Ronald Coventry

Personal information
- Full name: Ronald Wilfred Coventry
- Born: 29 May 1928 Hartley, Rhodesia
- Batting: Right-handed
- Bowling: Left-arm fast-medium

Domestic team information
- 1953-54 to 1957-58: Rhodesia

Career statistics
| Competition | First-class |
| Matches | 17 |
| Runs scored | 386 |
| Batting average | 15.44 |
| 100s/50s | 0/2 |
| Top score | 94 |
| Balls bowled | 2520 |
| Wickets | 29 |
| Bowling average | 36.65 |
| 5 wickets in innings | 0 |
| 10 wickets in match | 0 |
| Best bowling | 4/21 |
| Catches/stumpings | 28/– |
- Source: Cricinfo, 9 August 2016

= Ronald Coventry =

Zimbabwean cricketer

Ronald Wilfred Coventry (born 29 May 1928) is a former cricketer who played first-class cricket for Rhodesia from 1953 to 1958.

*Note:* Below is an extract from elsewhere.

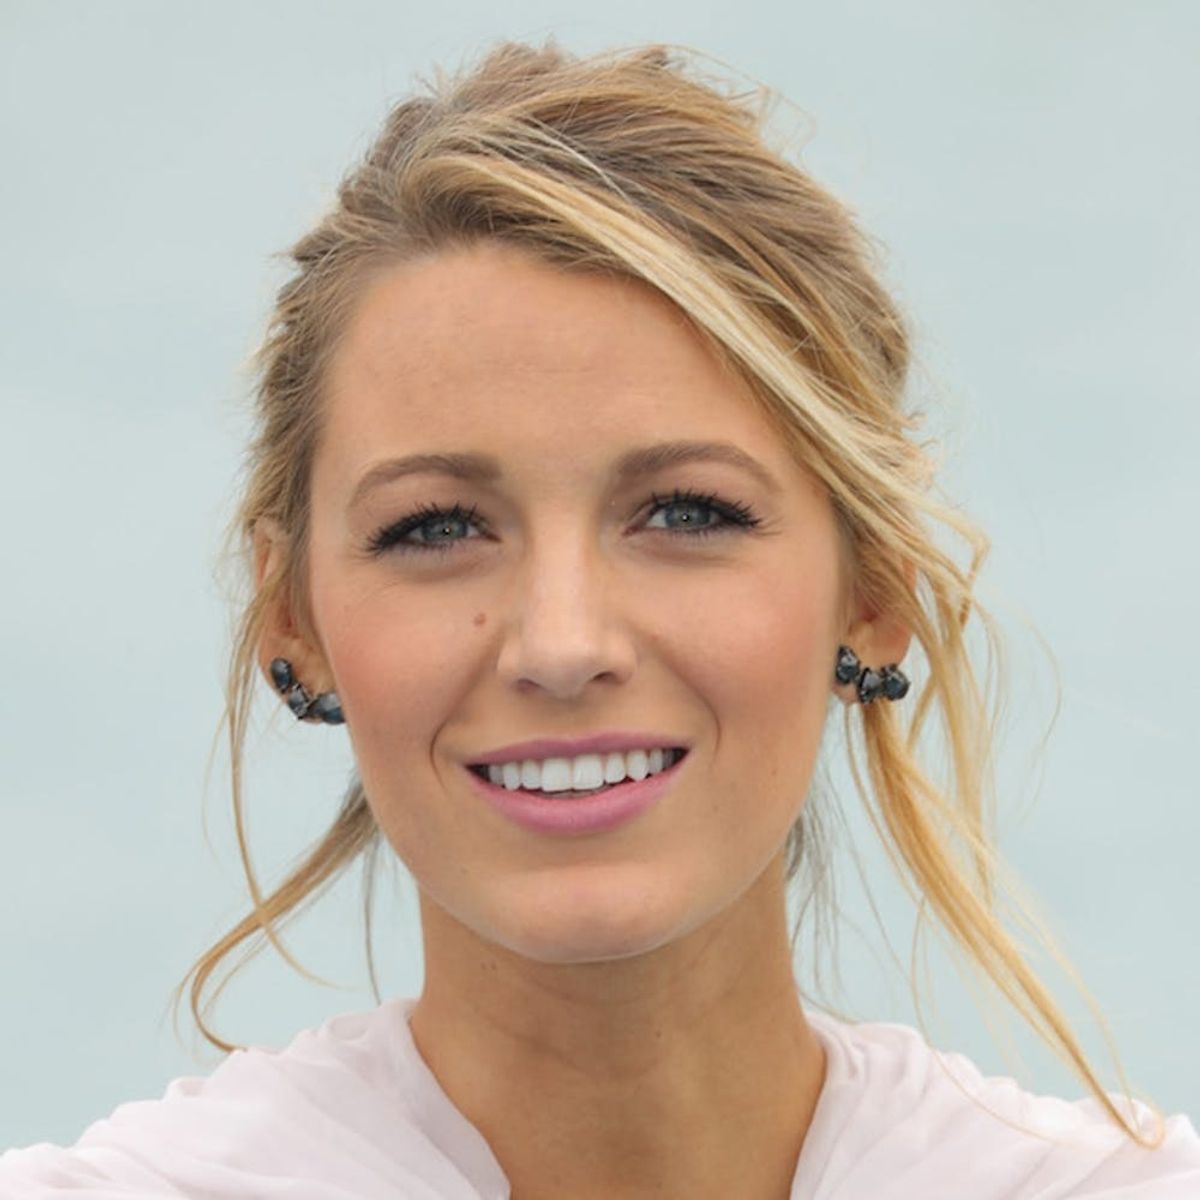 10 Ways to Rock Blake Lively’s Surprising New Jewelry Look
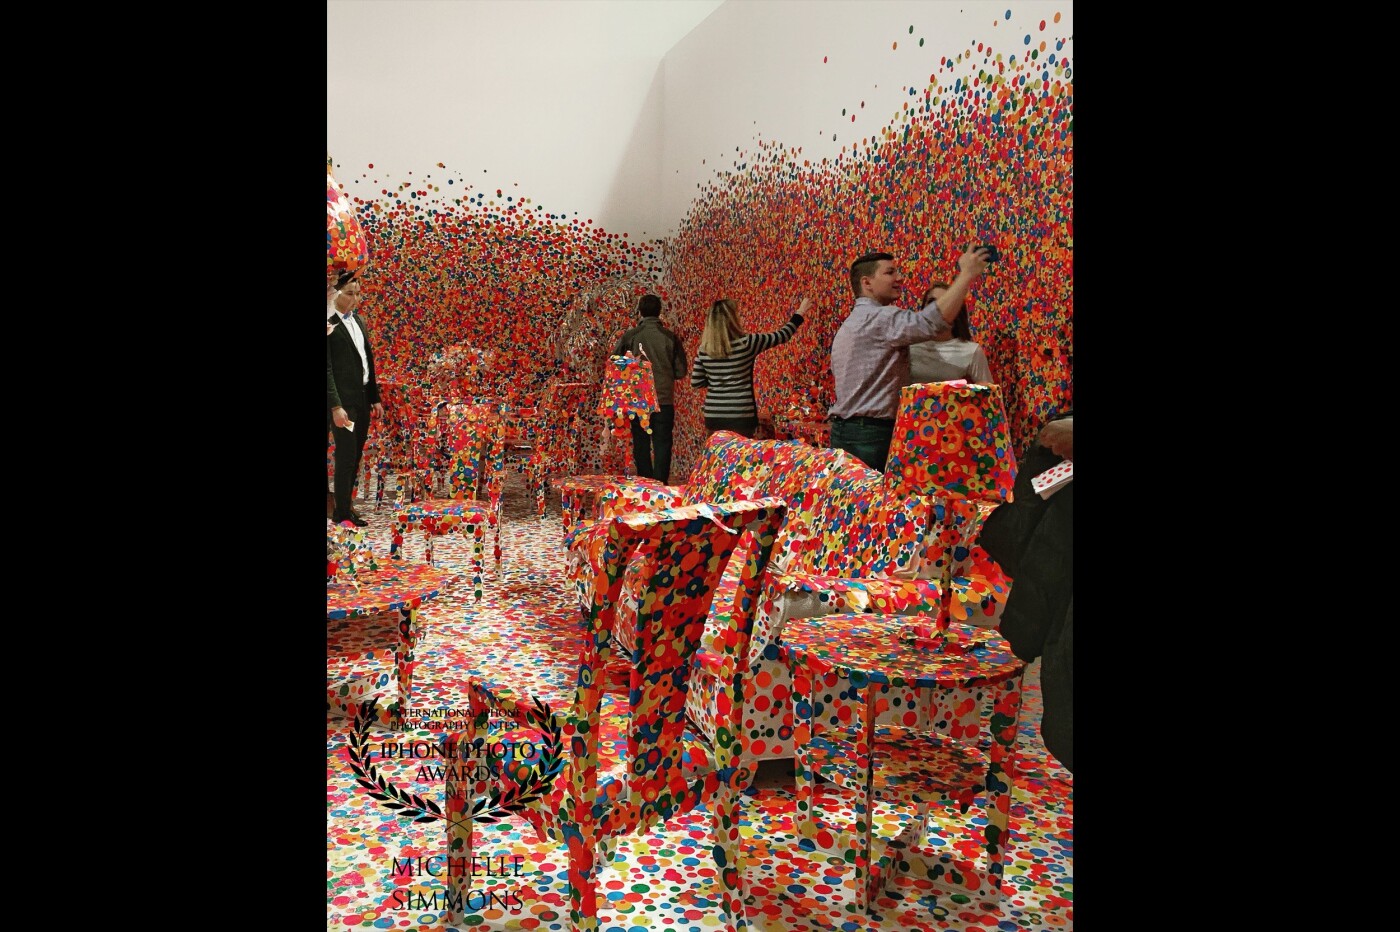 This photograph was taken in the last room of the great Yayoi Kusama Infinity Mirrors exhibition at the Atlanta High Museum. Before entering the last room, museum-goers are given a small page of sticky polka dots to place wherever they please. As you can see from the photo, this was taken after the exhibit had been running for several weeks. It was a great interactive experience.

Coventry was an all-rounder, who batted at various positions in the order and often opened the bowling. He wore spectacles while playing. He made his first-class debut against the touring New Zealanders in 1953-54. In the second innings he made a quick 63, including 24 off one over from John Reid, playing shots that Reid thought resembled tennis, rather than cricket, shots. "I didn't know where to bowl," Reid admitted.

Coventry's best season was 1955–56, when he scored 213 runs for Rhodesia at an average of 30.42, including his highest score of 94 against Orange Free State, and took 16 wickets at 20.31. Rhodesia won the Currie Cup B Section title, winning all six of their matches.

According to CricketArchive he is still alive as of March 2026, but according to Cricinfo he is "presumed dead".